With a voracious appetite for the public’s money, Colorado’s burgeoning state government controls much of our lives. Now, they want to control our pets with House Bill 1163, sponsored by Democratic state Rep. Regina English.
Call it “The Goldfish Tax” of 2024.
Radicalized state legislators, with unlimited one-party control, pay us to buy electric cars and abortions. They overtax our homes, businesses, and cars and price the middle class into despair. They take assistance from taxpaying citizens and give it to immigrants who broke into the country. They deprive us of affordable energy by obstructing oil and gas production.
Next year, this disturbing list may include new pet taxes disguised as “fees.” The bill openly acknowledges deliberate deception.
“The power to impose taxes is inconsistent with enterprise status under section 20 of Article X of the state constitution and, therefore, it is the conclusion of the general assembly that the revenue collected by the enterprise is generated by fees, not taxes.”
The “fees” would fund a new “Pet Animal Registration Enterprise” in the Department of Agriculture. The new bureaucracy would enforce registration and the oxymoronic mandatory fees.
This unabashed, overused semantic deception assumes that taxing a “choice,” such as owning a pet, amounts to a voluntary “fee.”
With this semantic wizardry, the legislature could do anything. It could simultaneously eliminate and raise income and sales taxes by calling them fees. After all, buying candy and working are choices.
The bill describes “pets” to include any “invertebrate,” which would make a child’s ant farm the home of dozens or hundreds of pets.

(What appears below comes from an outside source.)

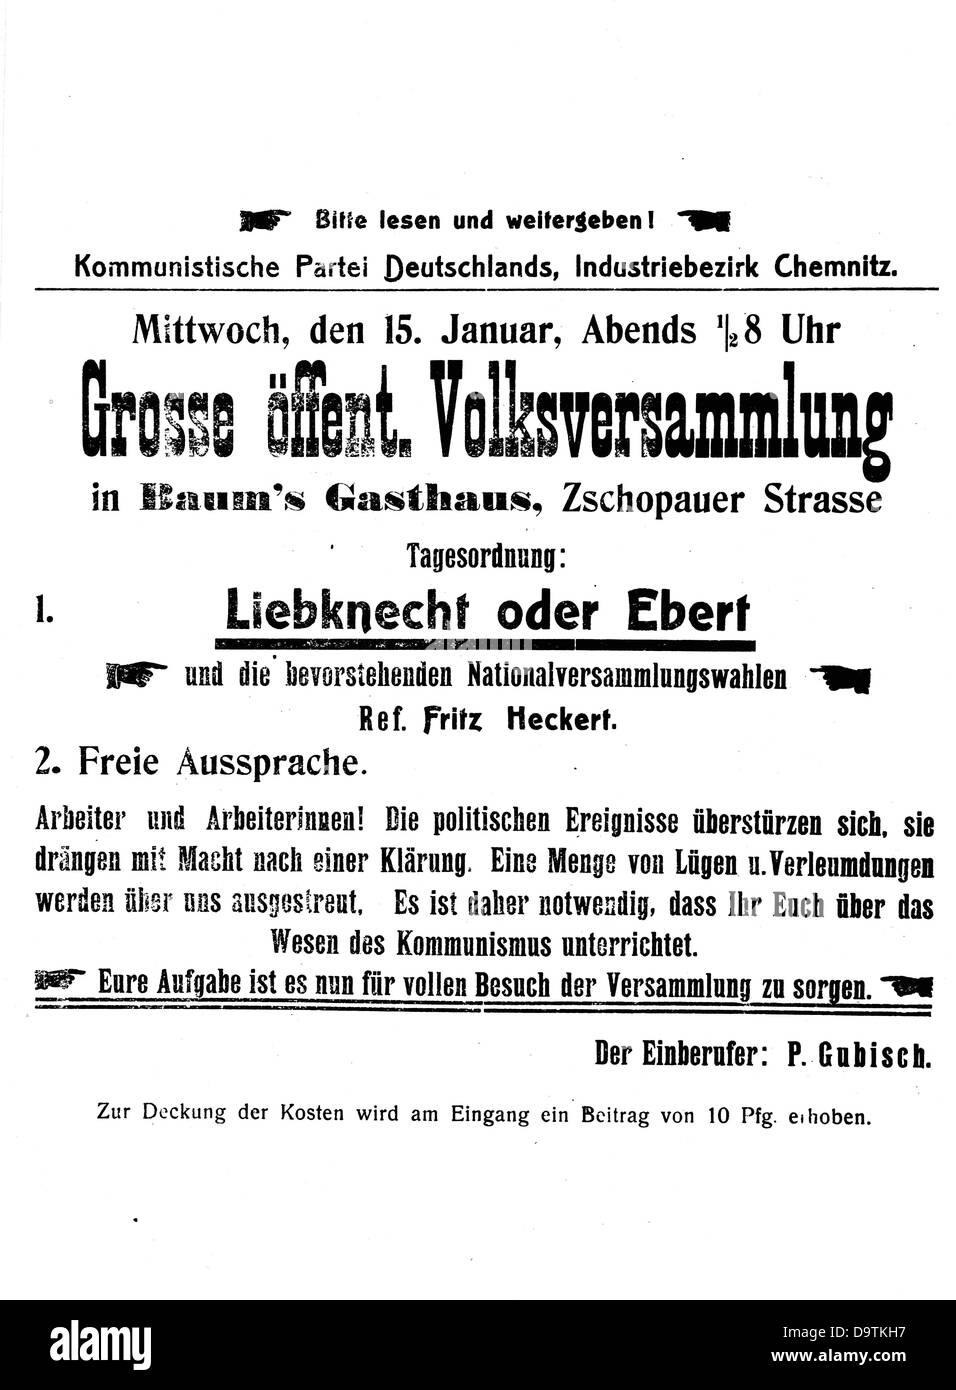 Invito del Partito Comunista di Germania (KPD) a una riunione pubblica il 15 gennaio 1919 sull'ocassion dell'imminente elezione dell'assemblea nazionale tedesca a Chemnitz, in Germania. La stessa sera, i membri fondatori del KPD, Rosa Luxemburg e Karl Liebknecht, sono stati assassinati a Berlino, in Germania. Fotoarchiv für Zeitgeschichte Foto Stock

From the bill: “Pet animal means a dog, cat, rabbit, guinea pig, hamster, mouse, rat, gerbil, ferret, bird, fish, reptile, amphibian, invertebrate, or any other species of wild or domestic hybrid animal six months of age or older, that is sold, transferred, or retained for purpose of being kept as a household pet.”
If an eight-year-old brings home a frog (amphibian) or snail (invertebrate), the household has 30 days to register and pay the state, or else.
Each episode in which a pet goes unregistered and untaxed would generate a $100 fine. For owners of non-registered exotic fish tanks, non-compliance could cost thousands. With registration fees ranging from $8.50 to $25 for each pet, an aquarium containing 20 tiny fish could cost $500 a year in compliance fees alone.
The bill would require all pet owners to register with the state “a designated caregiver” for the pet, the owner’s name, address, cell phone number, email address, the animal’s age, breed, and “whether the pet animal is a dangerous animal.”
Those who refuse this household invitation must pay the full $25 fine. Do the math: 100 ants + failure to register and designate a special ant caregiver = $2,500 fine. This bill lacks the legislature's typical and patronizing “people of color” language, so we’ll assume it treats red and black ants the same.
Sadly, this bill would mostly hurt the young, the old, and the poor — therefore a disproportionate number of minorities. Low- and no-income people often have pets as their primary companions. Consider a person on assistance who values a goldfish that costs a few bucks a year to feed. Under this law, the fish — or a cat — could cost too much to keep.
Colorado’s one-party extremism has created problems with drugs, crime, homelessness and affordable housing. It has given our state an inflation rate 37% higher than the national average. Without much more to control and tax, they see goldfish, kittens, snails, and ants as a great new way to enhance state control.